The boy paused and as he lay back down, with weary eyes, he said, “Thank you.”
“Ceres,” came a sudden whisper in the darkness. “Ceres!”
Ceres turned and looked through the bars of the cell and saw the form of a person wearing a hooded cape, the torches in the hallway illuminating the black material. Was it a servant boy sent by Thanos? she wondered.
Careful not to step on fingers and toes, Ceres made her way over to the stranger. He removed the hood, and to her astonishment and joy, she saw that it was Sartes.
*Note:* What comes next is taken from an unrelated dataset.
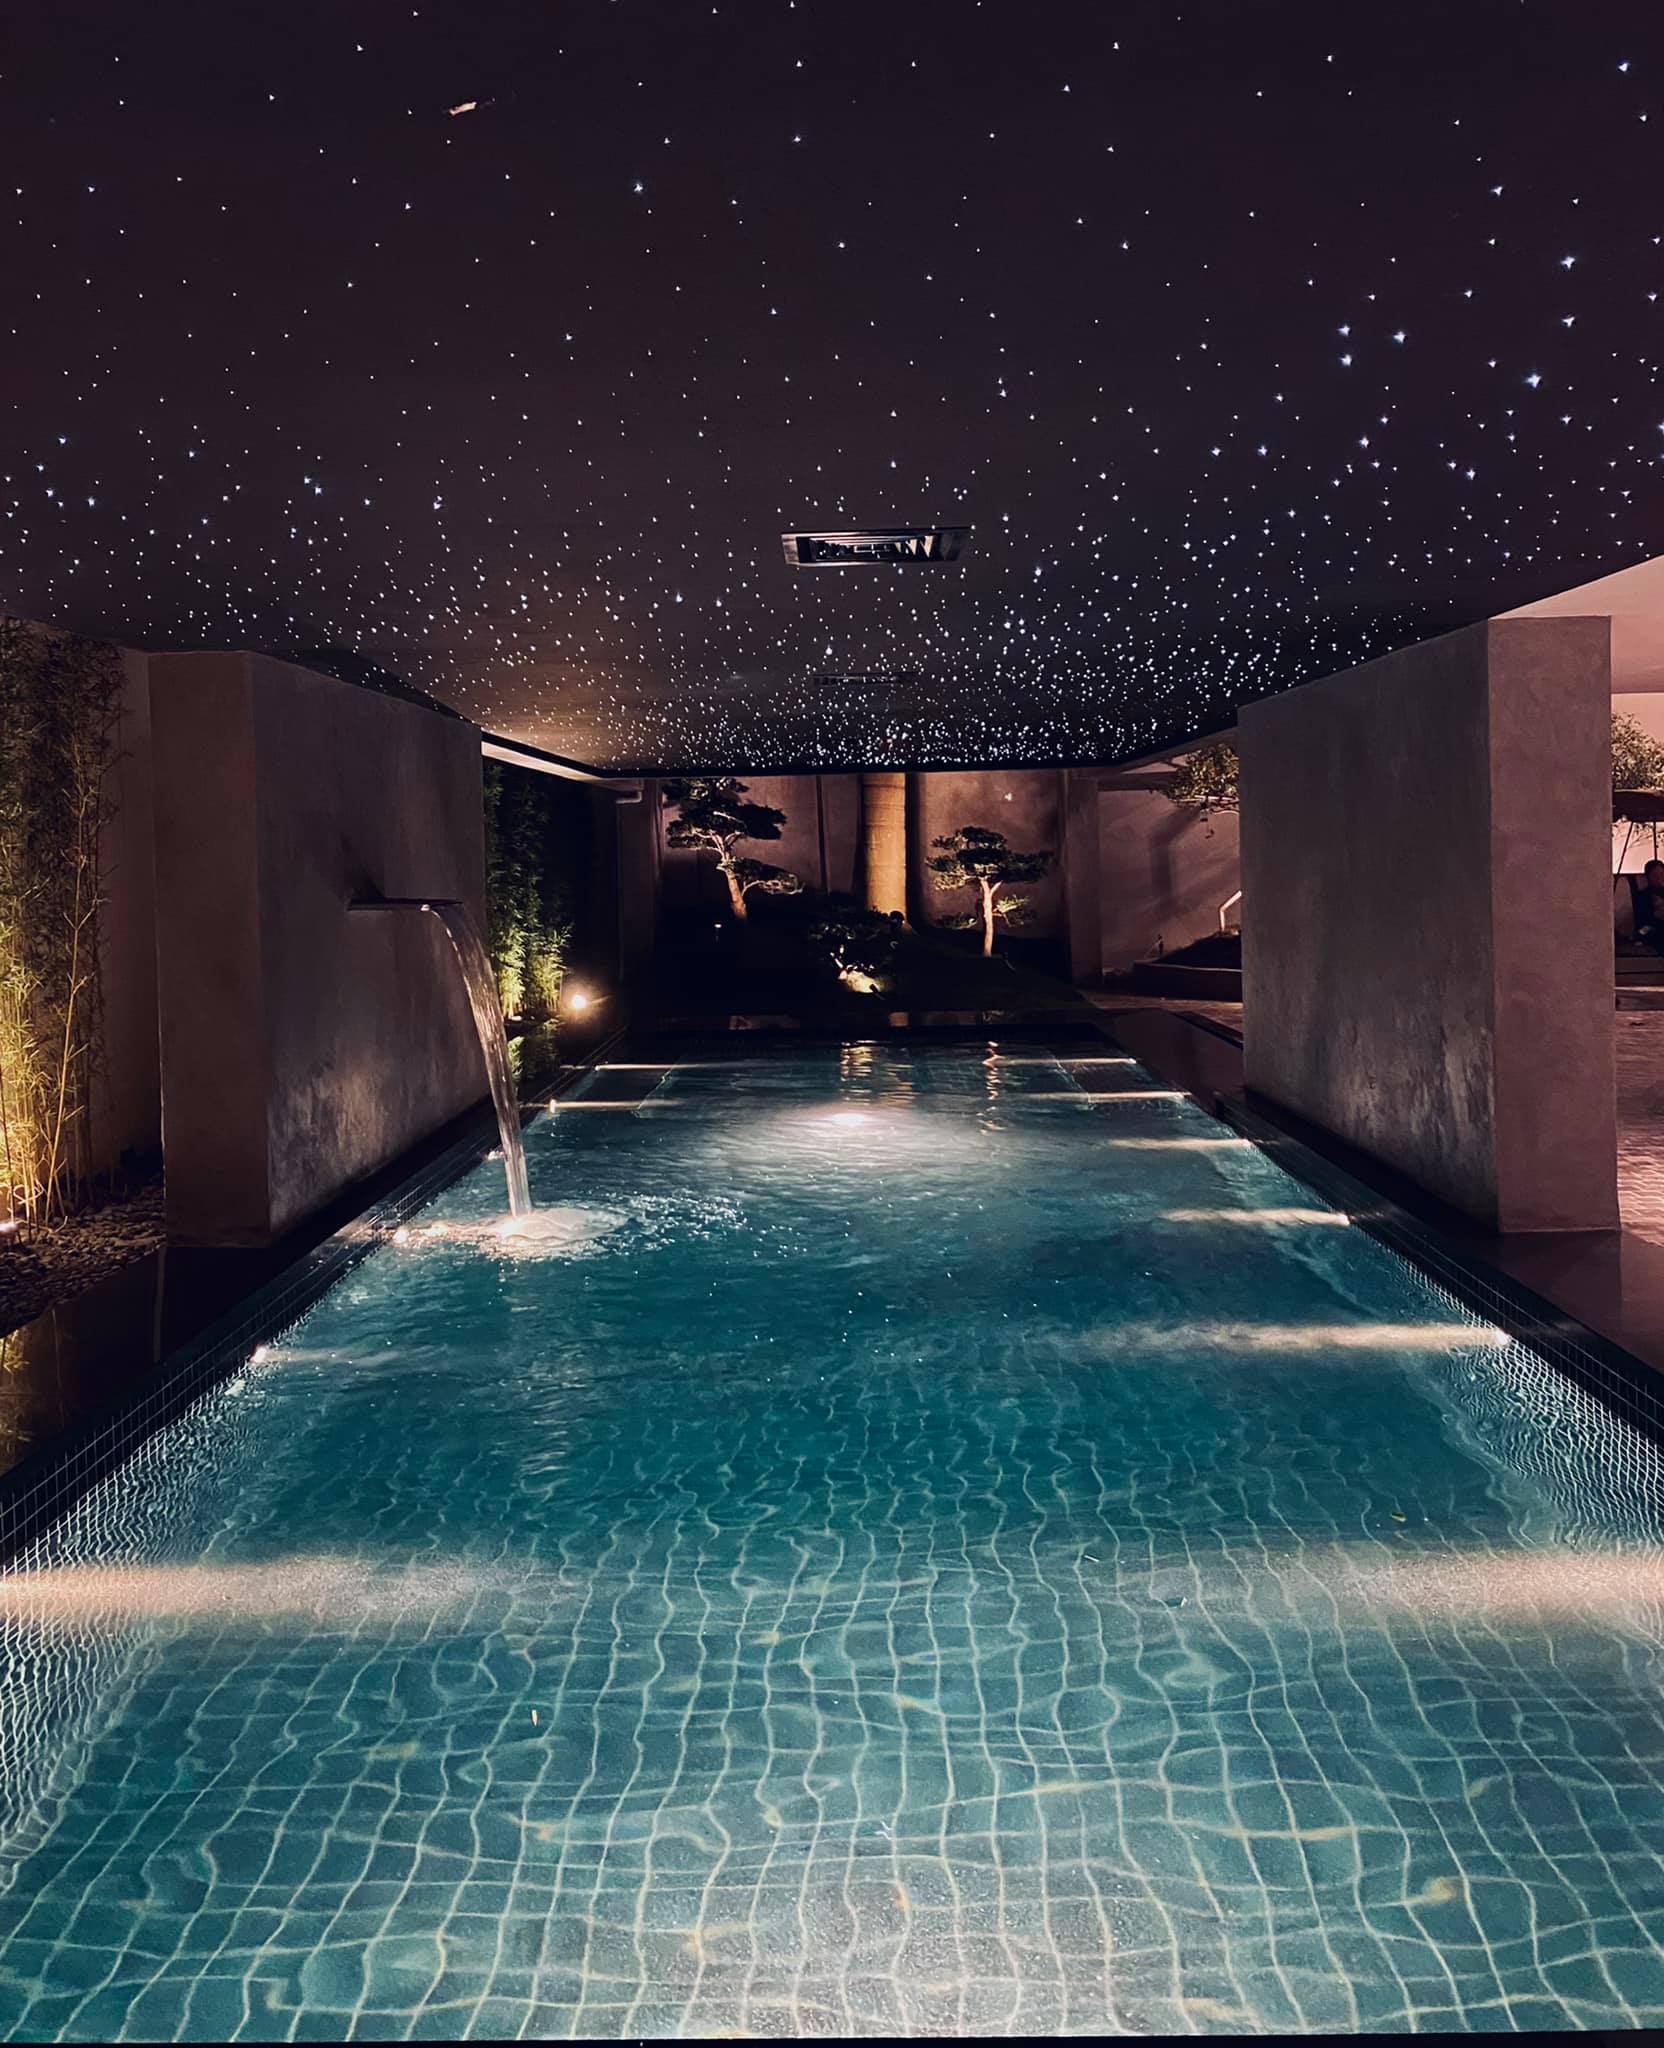 Dù là bể bơi trong nhà nhưng thiết kế trần giả sao trời ấn tượng khiến người nhìn tưởng như đang check-in ở resort.

“How did you find me? What are you doing here?” she asked, her hands gripping the bars, her chest brimming with joy – and trepidation.
“The blacksmith told me you were here, and I had to see you,” he whispered, tears in his eyes. “I’ve been so worried for you.”
She reached a hand through the bars and pressed a palm to his cheek.
“Sweet Sartes, I am doing well.”
“This is not well,” he said, his face etched with graveness.
“It is well enough. At least they haven’t said anything about…”
She stopped herself from speaking the unspeakable, not wanting to worry Sartes.
“If they kill you, Ceres, I will…I will…”
“Shush, now. They will do no such thing.” She lowered her voice several notches before whispering, “How is the rebellion?”
“There was a battle in northern Delos yesterday, a huge one. We won.”
She smiled.
“So it has begun,” she said.
“Nesos is fighting as we speak. He was injured yesterday, but not enough to keep him in bed.”
Ceres smiled a little.
“Always the tough one. And Rexus?” she asked.
“He is well, too. He misses you.”
Hearing Sartes say that nearly brought Ceres to tears. Oh, how she missed Rexus, too.
Sartes leaned closer, his cape covering his arm, and then she peered down when she felt a sharp, cold object against her hand – a dagger. Without a word, only the silent understanding between them, she took the dagger and stuffed it down the front of her pants and then covered it with her shirt.
“I have to go before someone sees me,” Sartes said.
She nodded, and reached tender arms through the bars.
“I love you, Sartes. Remember that.”
“I love you, too. Be well.”
Just as he vanished down the hallway, passing him, she saw the warden approach. She huddled back in the corner next to the boy, her hand stroking his hair, and the warden unlocked the door and stepped into the prison.
“Listen up, criminals. Here are the names of those who will be executed on the day after the morrow at sunrise: Apollo.”
The boy let out a gasp, and Ceres felt him start to tremble beneath her hands.
“…Trinity…” the warden continued.
The pregnant woman cringed and swooped her arms around her swollen belly.
“…Ceres…”
Ceres felt a sudden sense of panic overtake her.
“…and Ichabod.”
A man chained to the far end of the cell buried his face in his hands and sobbed quietly.